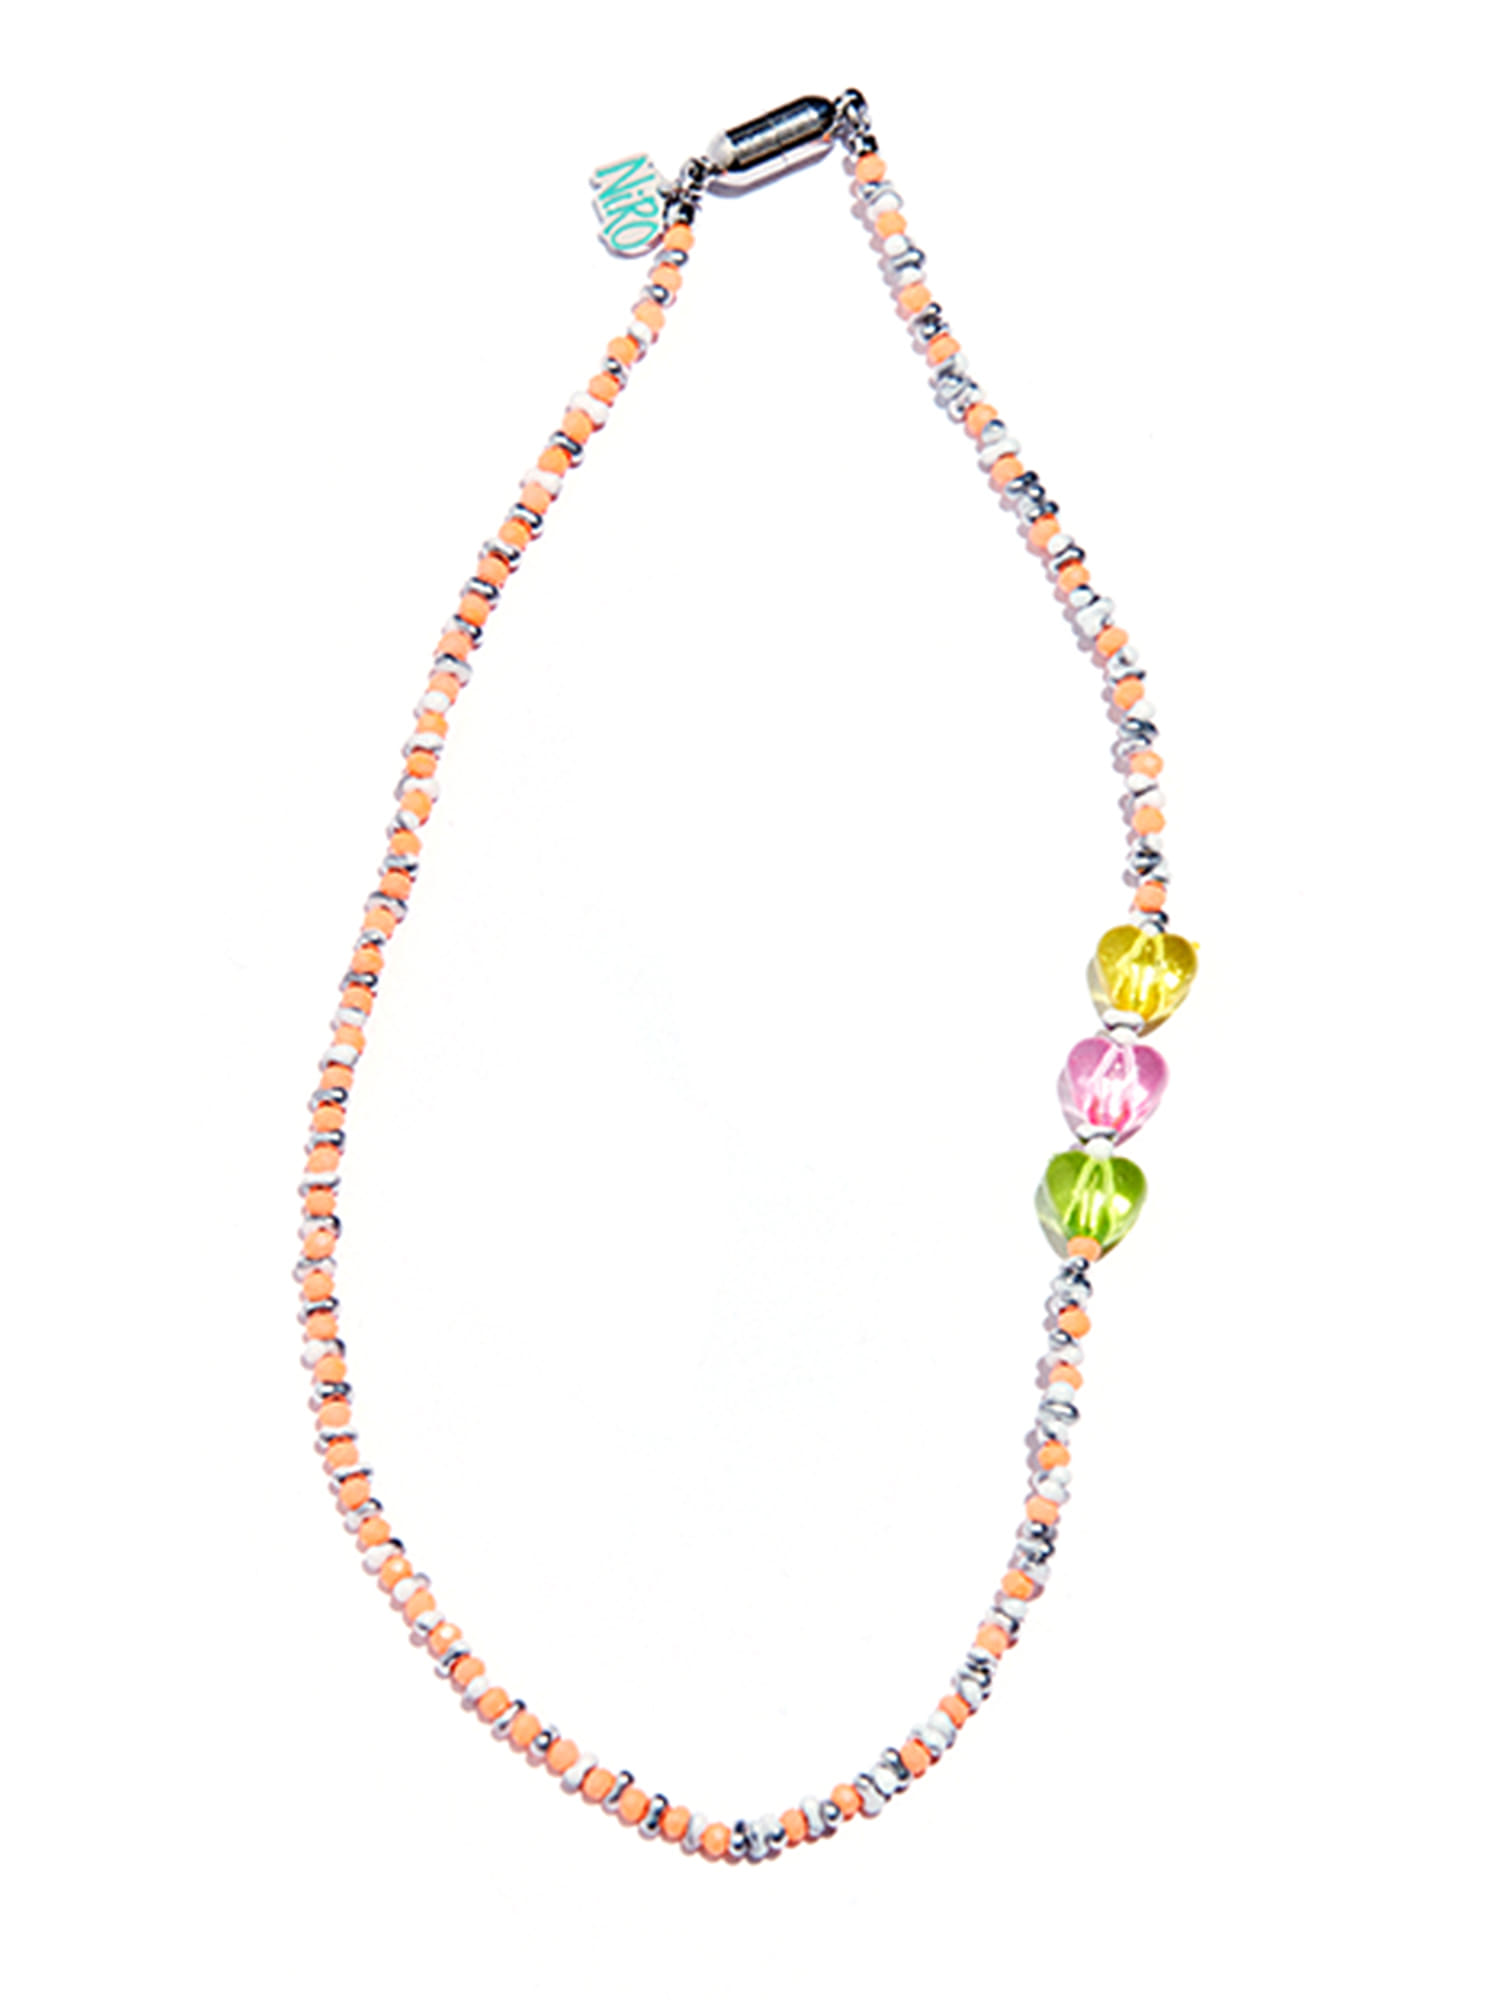 G.P.Y Heart Orange Beads Necklace #91
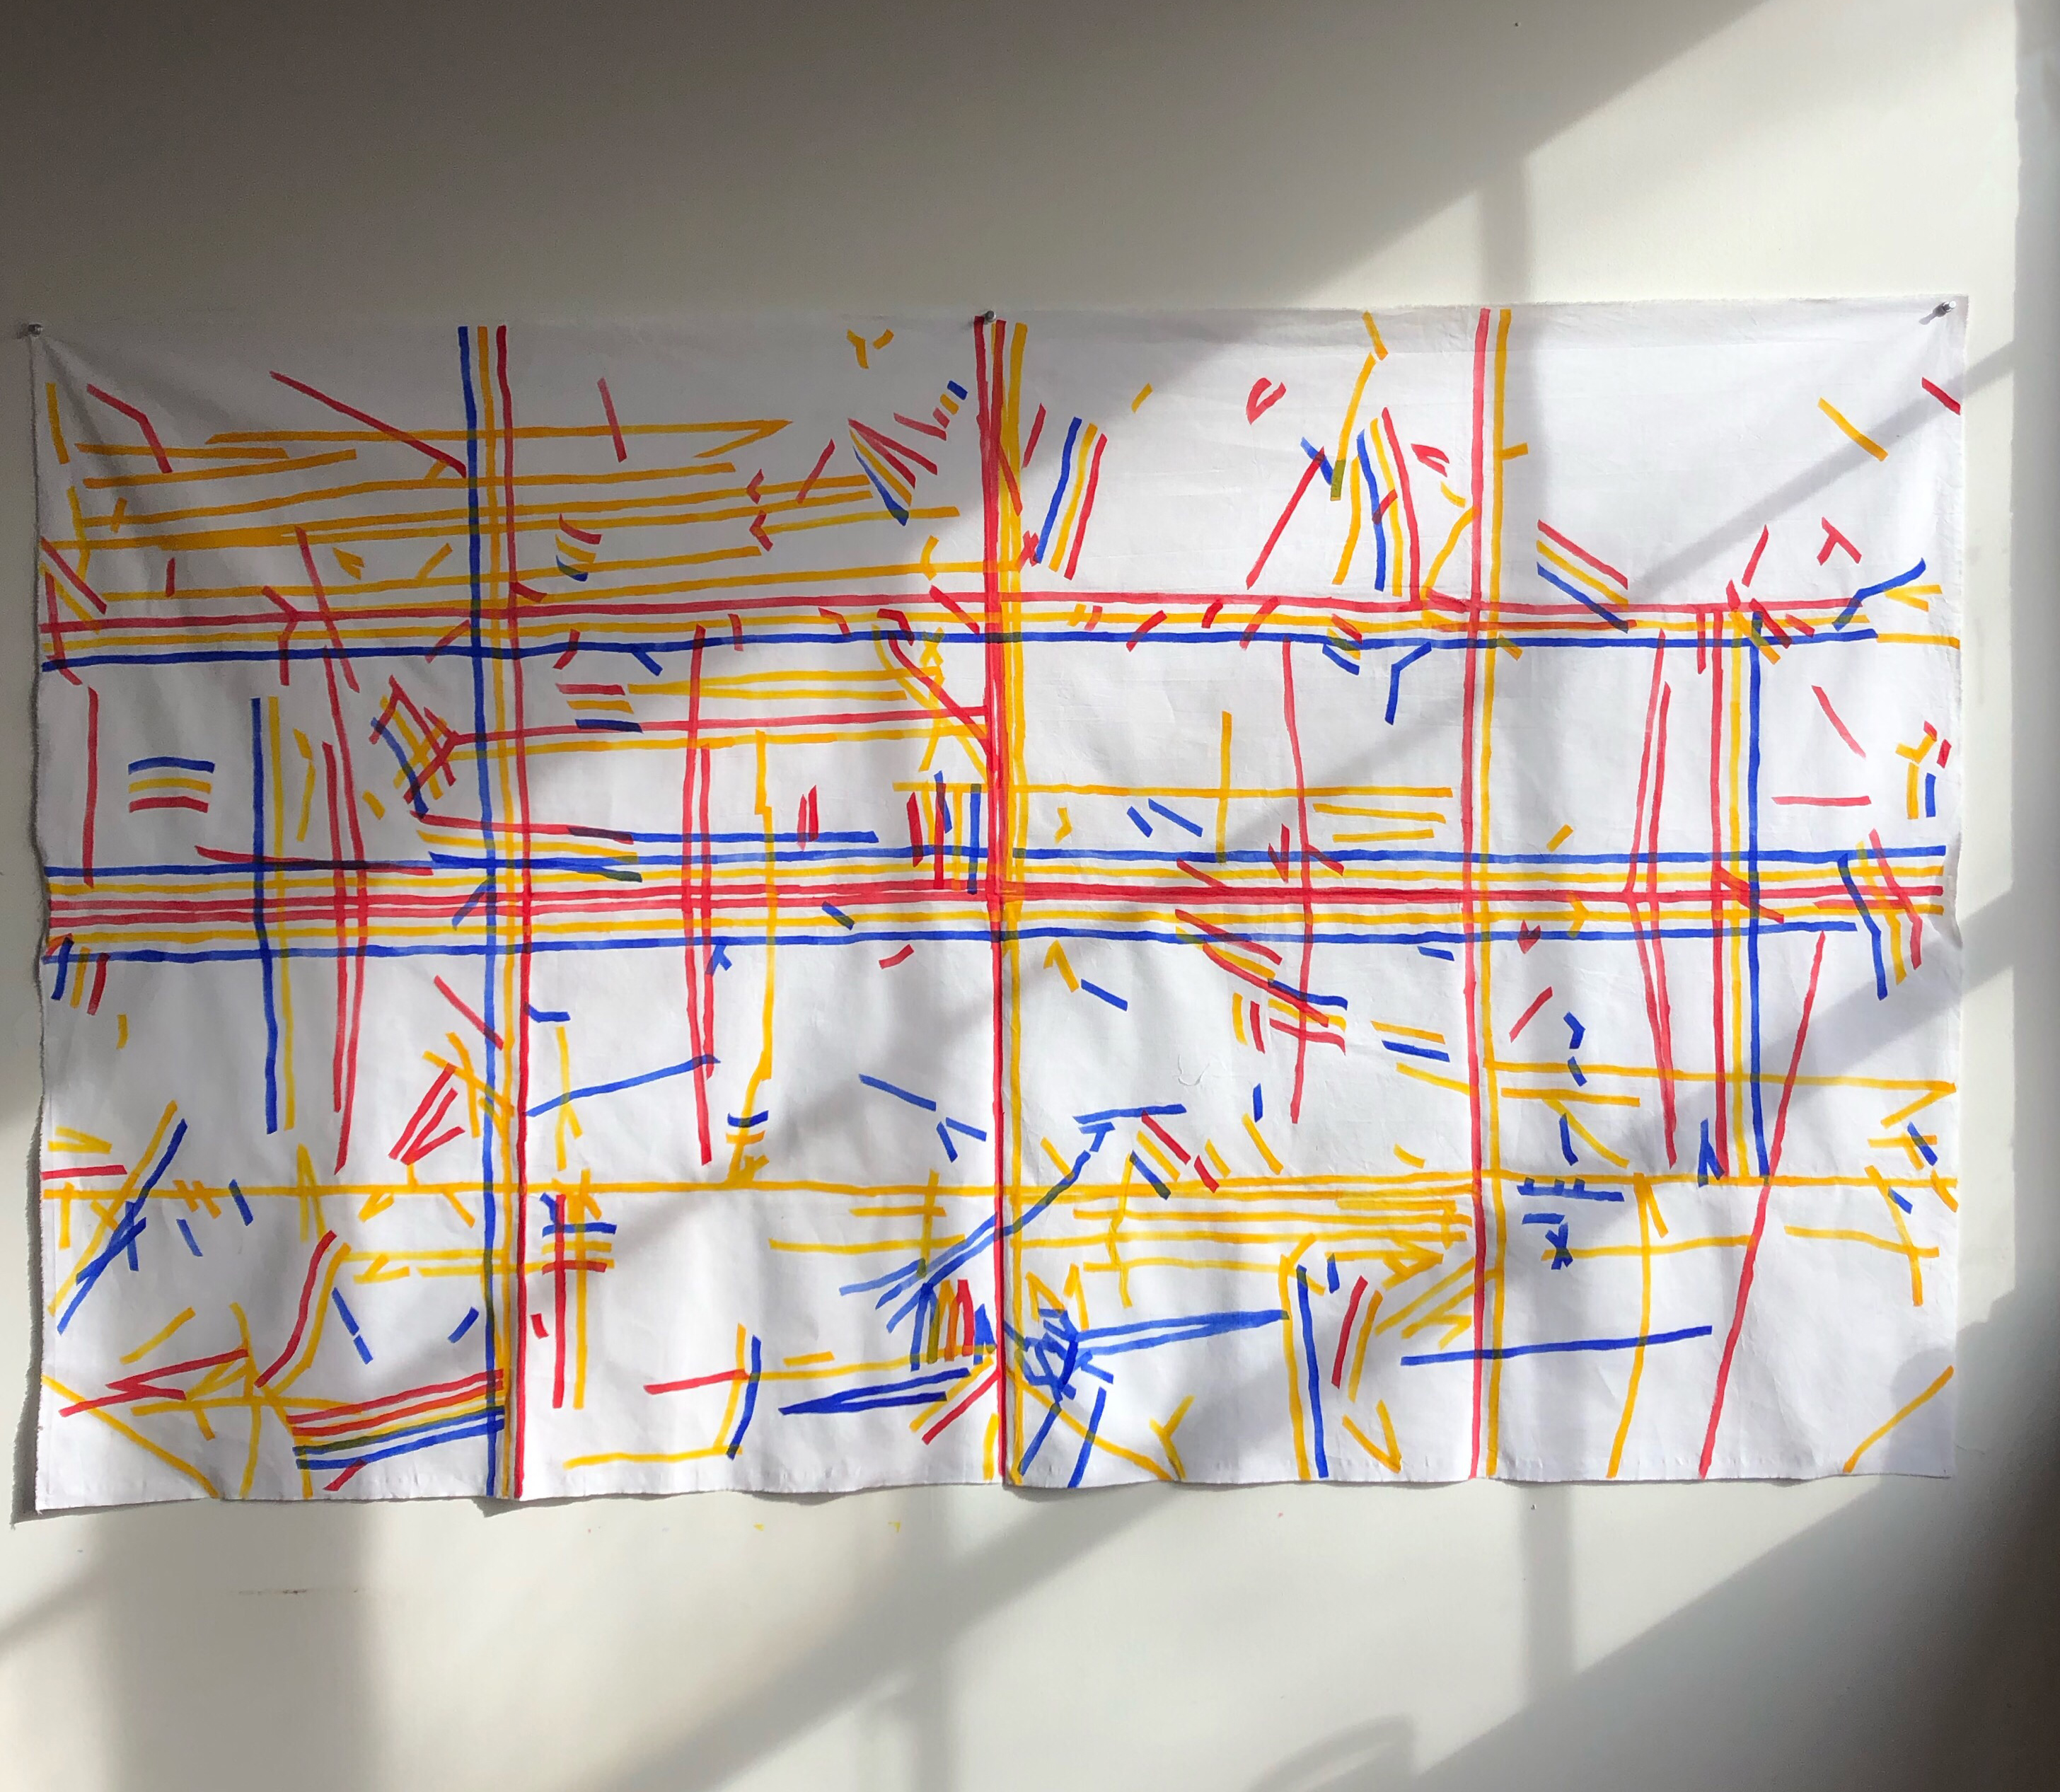 An artistically modified sheet as part of the exhibit Pliuri
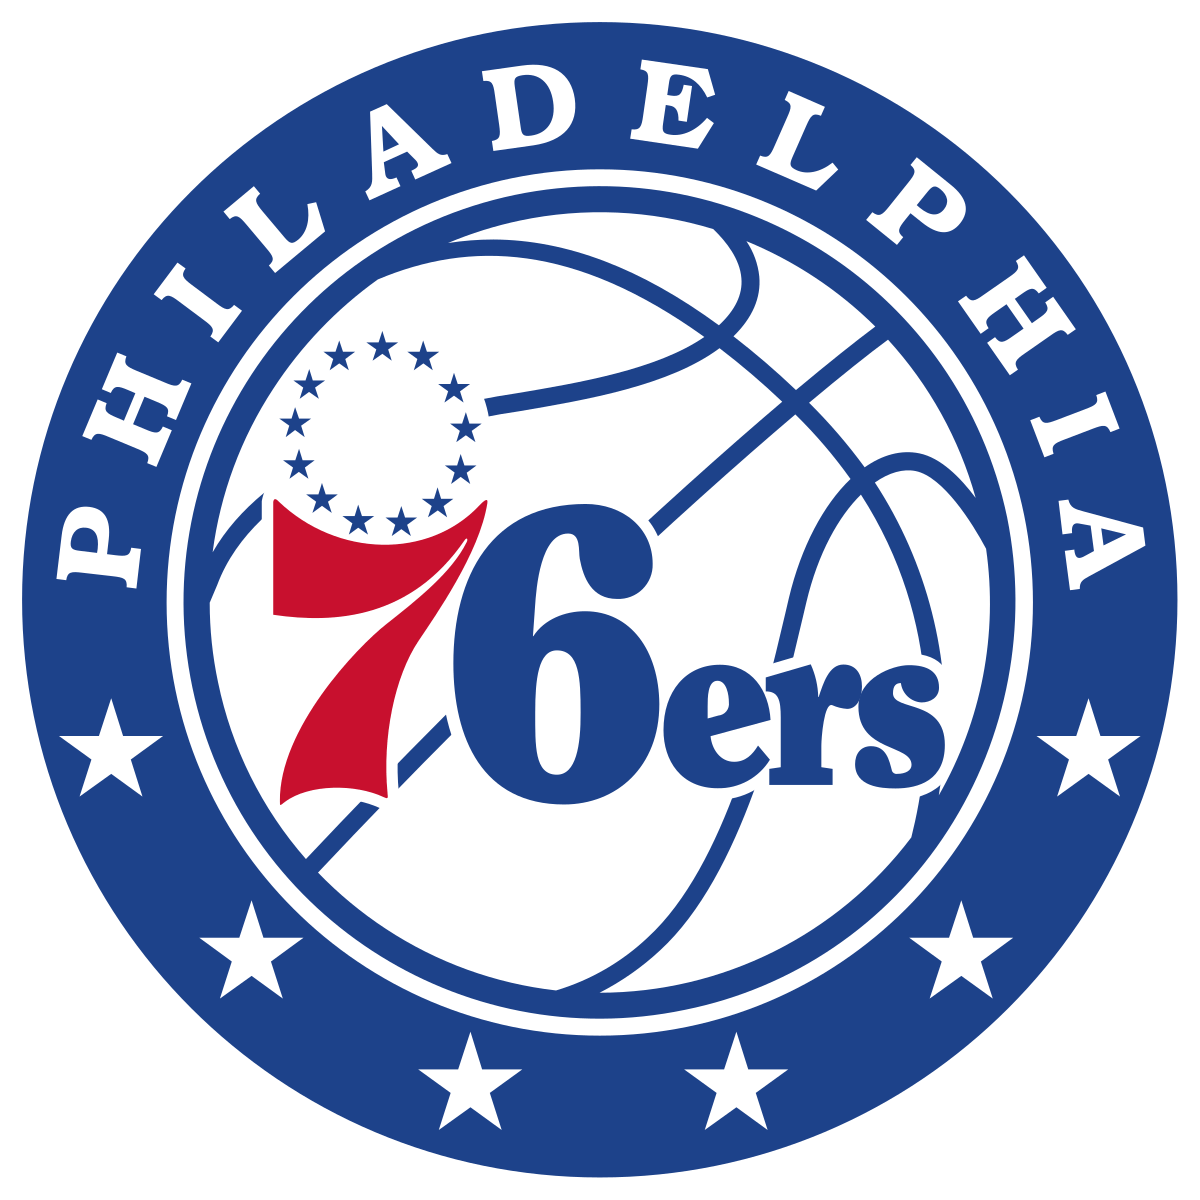 Imagine Philadelphia 76ers
◇ ◇ ◇ ◇ ◇
__Work required__
From the first line to the last, retype the data exactly, but omit every image.

__Finished task__
 G.P.Y Heart Orange Beads Necklace #91
 An artistically modified sheet as part of the exhibit Pliuri
 Imagine Philadelphia 76ers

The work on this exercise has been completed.